Synergyst Research
- Company type: private
- Industry: clinical research
- Founded: San Antonio, Texas (January 1, 2006)
- Founder: Dr. Alan Preston
- Headquarters: San Antonio, Texas
- Area served: Texas, Florida
- Key people: Trudy Madan (President) Sheri Chandler (VP)
- Services: management
- Number of employees: 100+
- Subsidiaries: Discovery Clinical Trials
- Website: synergystresearch.net

= Synergyst Research =

Synergyst Research is a privately owned American company that partners physicians with pharmaceutical companies to conduct clinical research. Its subsidiary, Discovery Clinical Trials, was founded in 2008.

==Overview==
Synergyst Research was founded in 2006 in San Antonio, Texas by Trudy Madan. Physicians work with Synergyst Research on studies that fit their specialties and practices. Synergyst Research also works with various biotech, pharmaceutical and medical device companies, such as Pfizer and AstraZeneca, to conduct clinical research. Unlike competitors, as of 2007 the company claims it allows physicians to have control over the patients' participation in trials, as compared to a third party.

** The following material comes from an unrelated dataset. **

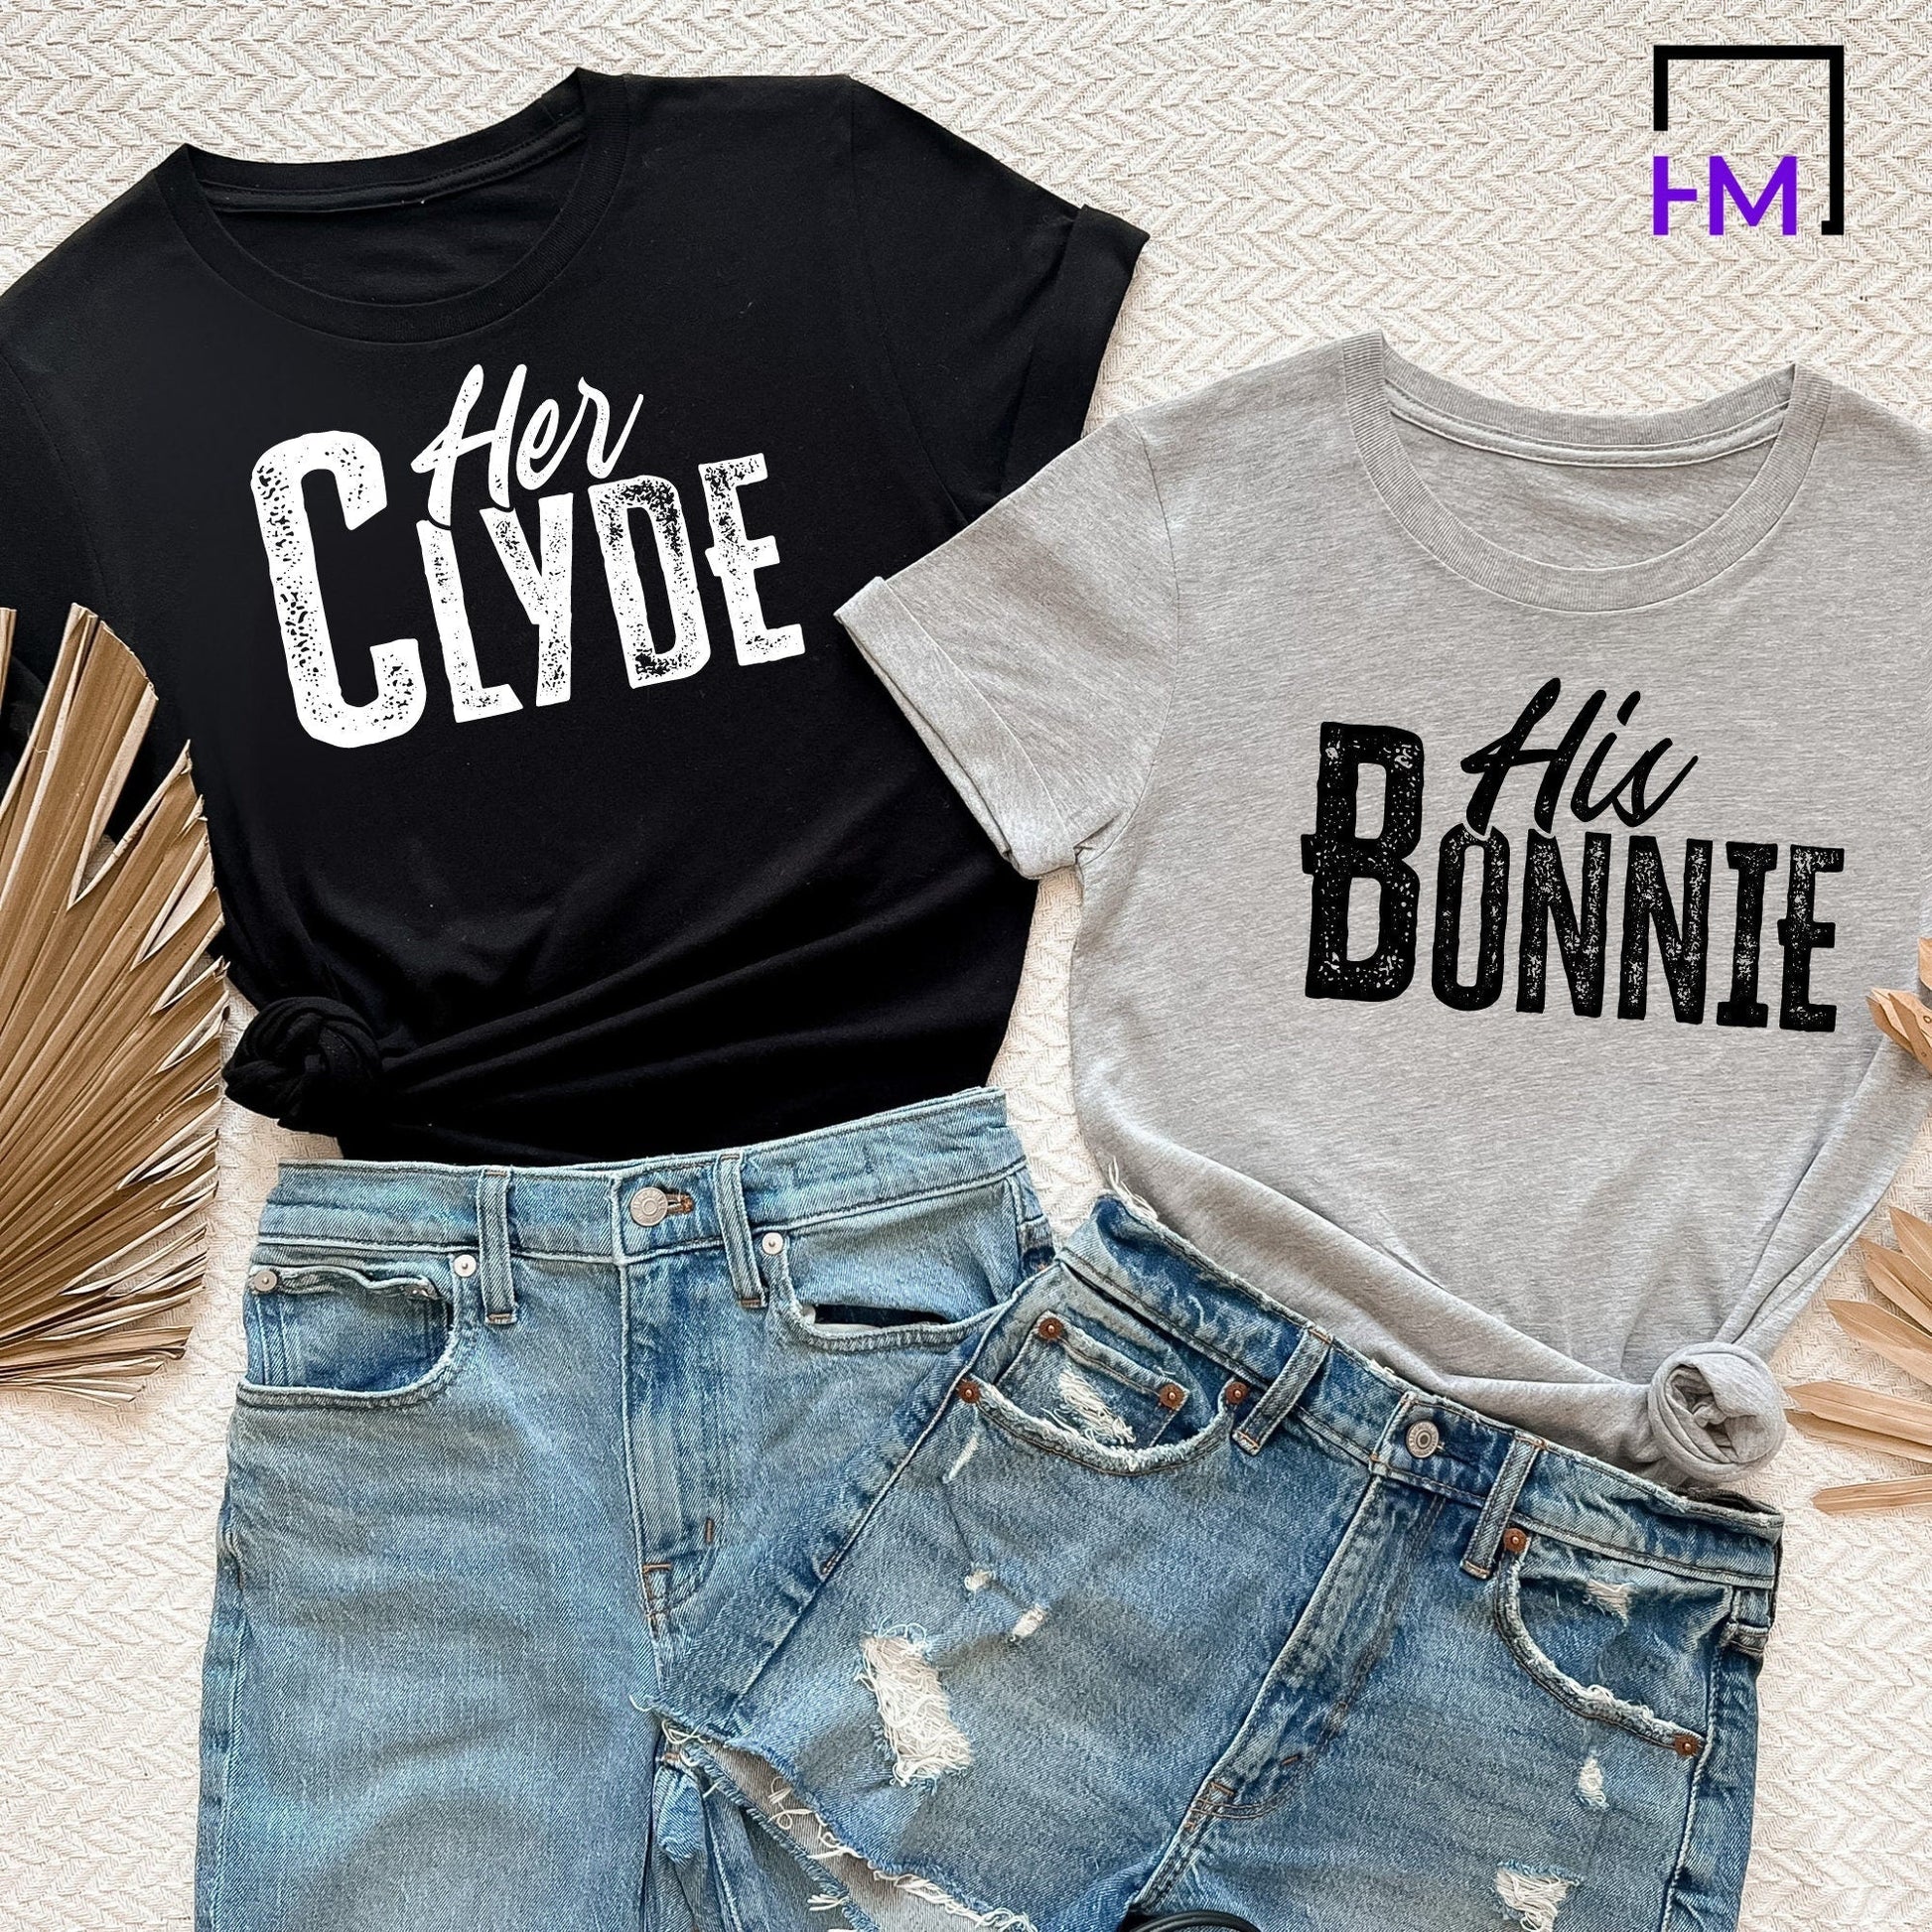 Funny Couples Shirts, Bonnie Clyde Gift for boyfriend, Wife, Husband, Engagement Announcement, Cute Couples Sweater/Hoodie, Wedding Present HMDesignStudioUS

In October 2007 they announced an expansion to Houston, Texas, expanding that November to Florida, chiefly Jacksonville, Miami, and Orlando. By that time they had partnered with United Sleep Diagnostics and MedEye Associates in South Florida.

In December 2008 the San Antonio Business Journal named president and CEO Trudy Madan one of its "40 under 40 Rising Stars" of the year.

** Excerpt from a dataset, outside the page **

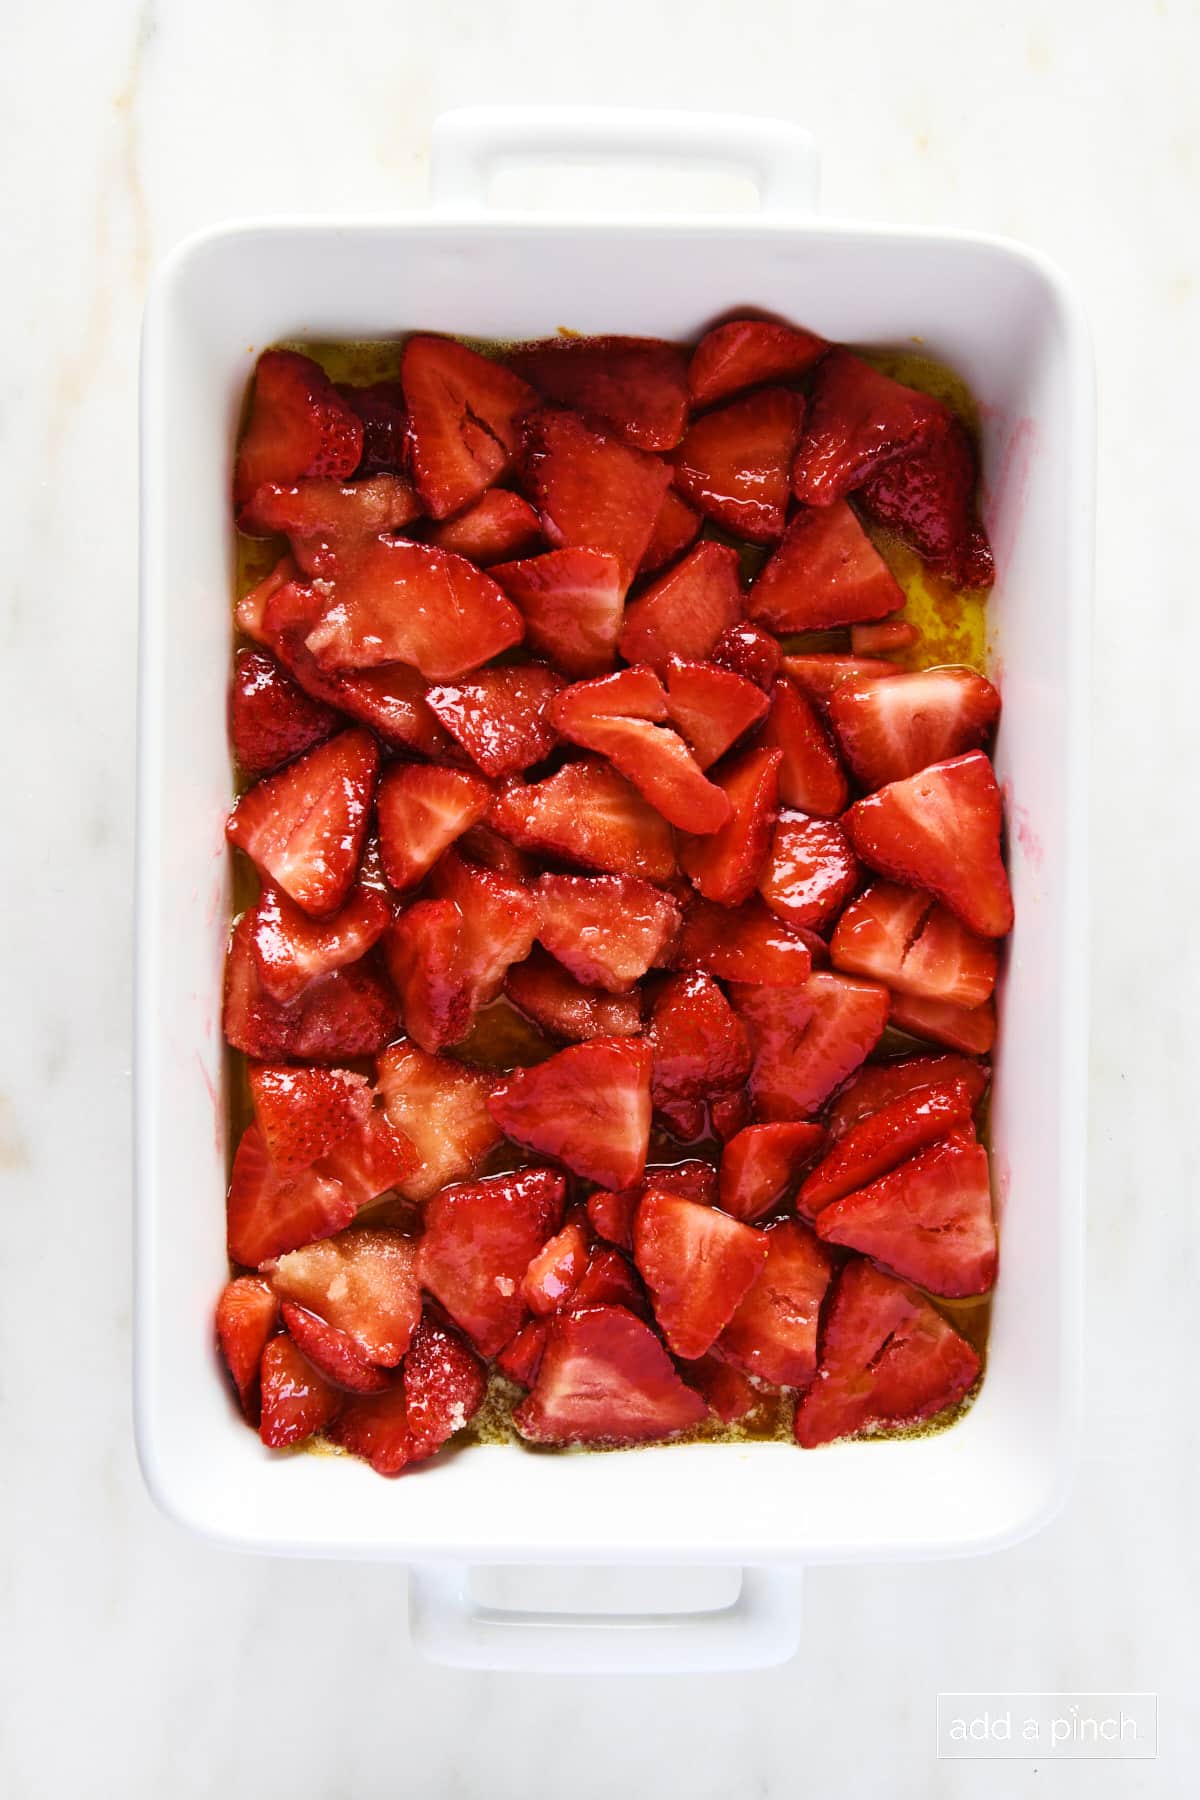 Sliced strawberries poured over butter in a white baking dish

Synergyst Research launched a spin-off company, Discovery Clinical Trials, in 2009. The company helps Synergyst clients develop and manage new research departments. In November 2012 the two companies combined were named for a second year in a row on the 5000 List of "America's Fastest-Growing Private Companies," ranking No. 145 among Health Companies and No. 1,838 overall.